§ **The problem**
Please set down the data word for word; images do not go in the copy.

§ **Material provided**
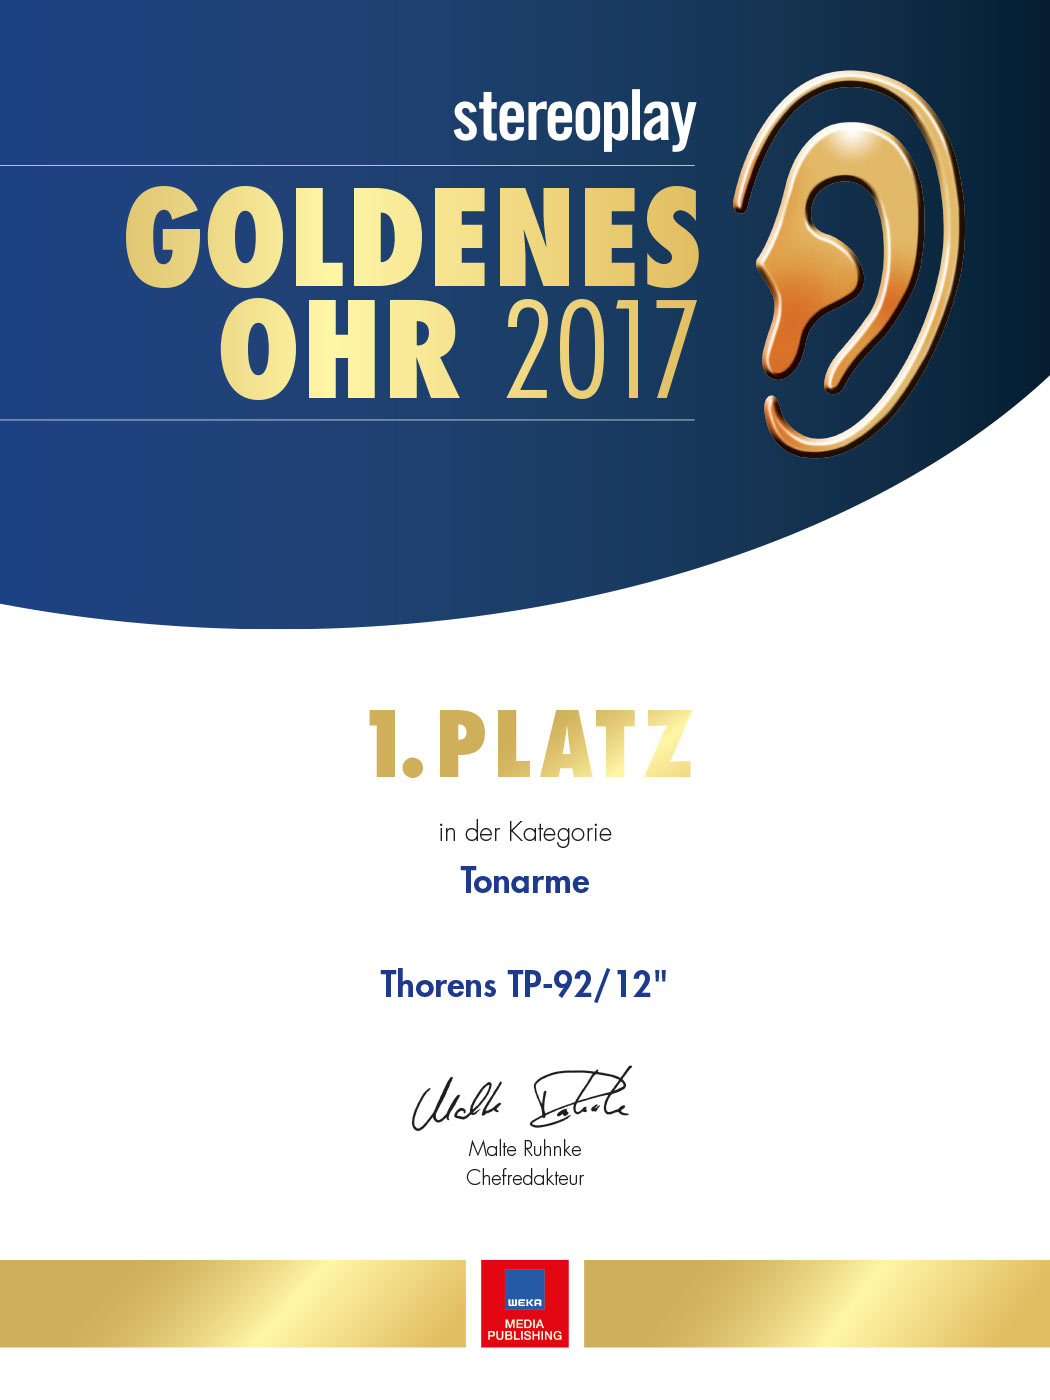 Award Goldenes Ohr 2017
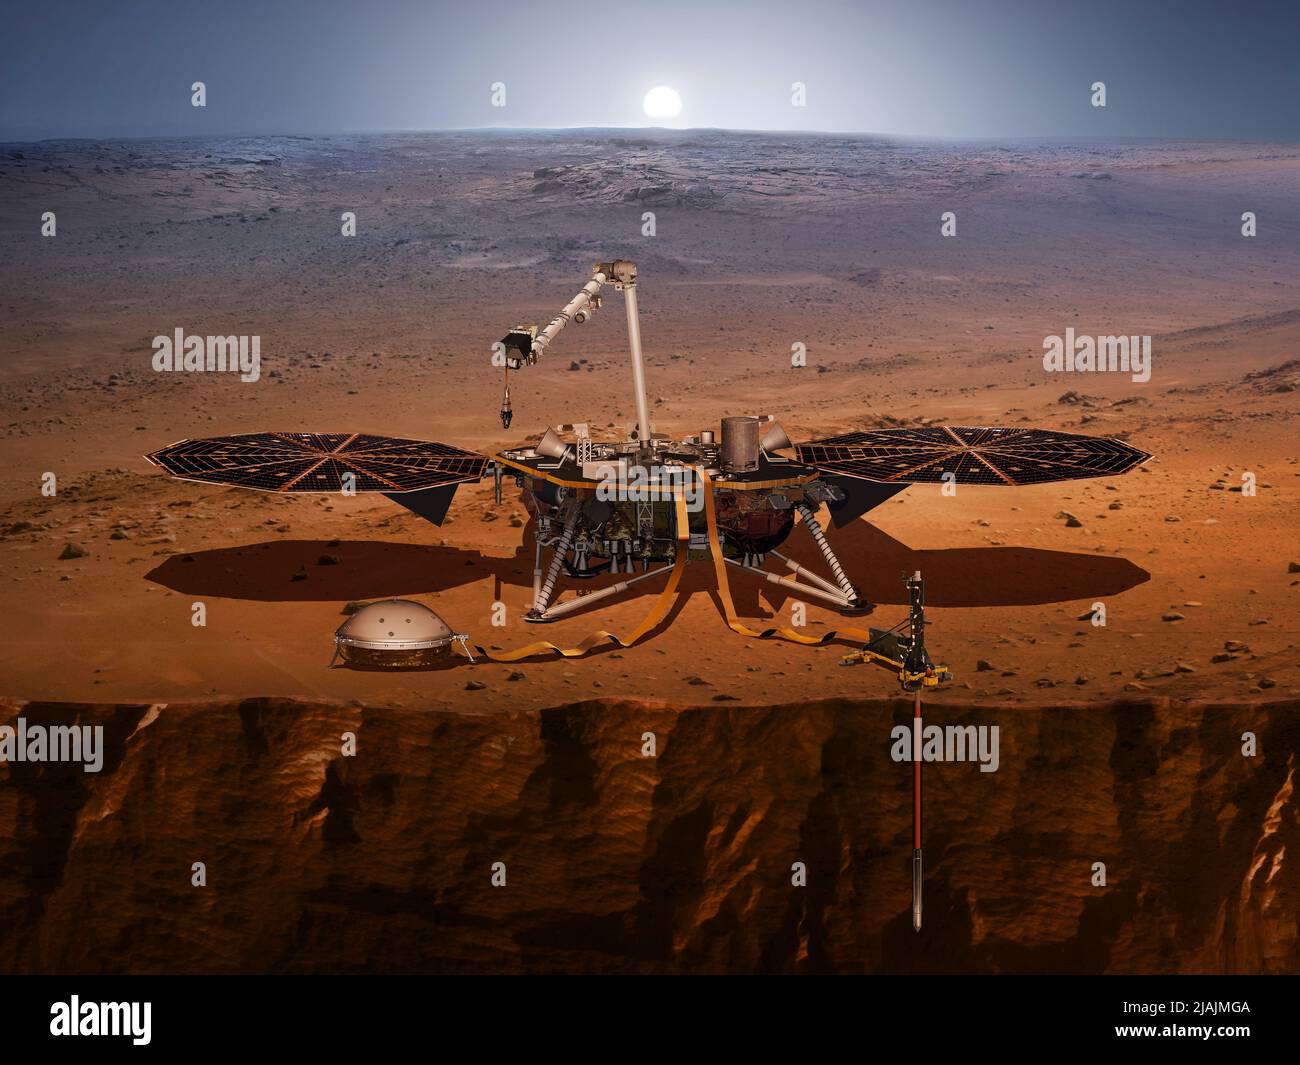 Il concetto dell'artista della lander Insight, dei suoi sensori, delle fotocamere e degli strumenti. Foto Stock
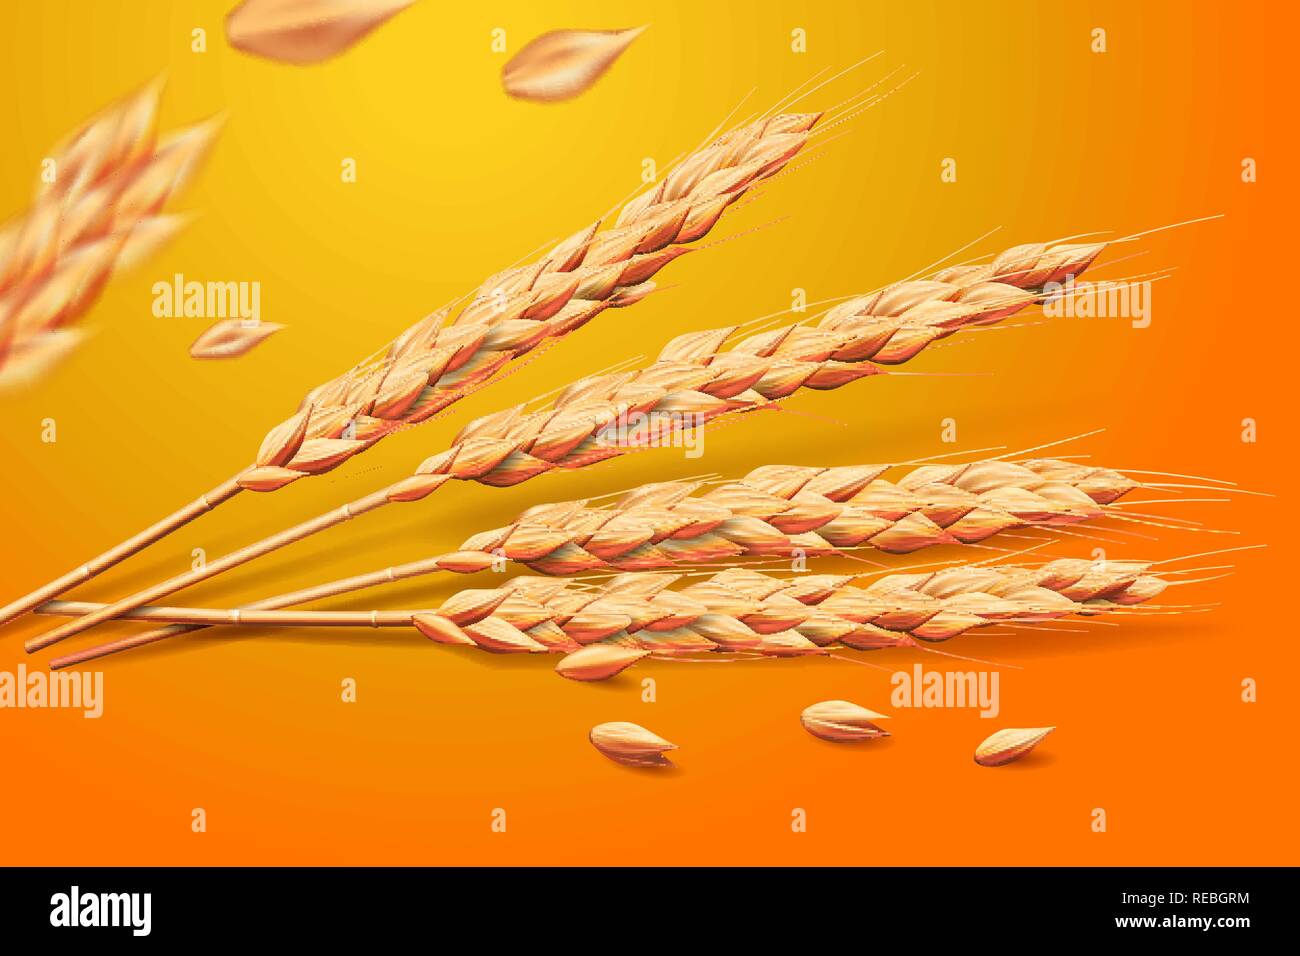 Realistische Weizen Gerste Hafer Elemente. Detaillierte auf goldenem Hintergrund für gesunde Ernährung oder Landwirtschaft design isoliert. Vector 3d-Abbildung. Stock Vektor

§ **Solution for this problem**
 Award Goldenes Ohr 2017
 Il concetto dell'artista della lander Insight, dei suoi sensori, delle fotocamere e degli strumenti. Foto Stock
 Realistische Weizen Gerste Hafer Elemente. Detaillierte auf goldenem Hintergrund für gesunde Ernährung oder Landwirtschaft design isoliert. Vector 3d-Abbildung. Stock Vektor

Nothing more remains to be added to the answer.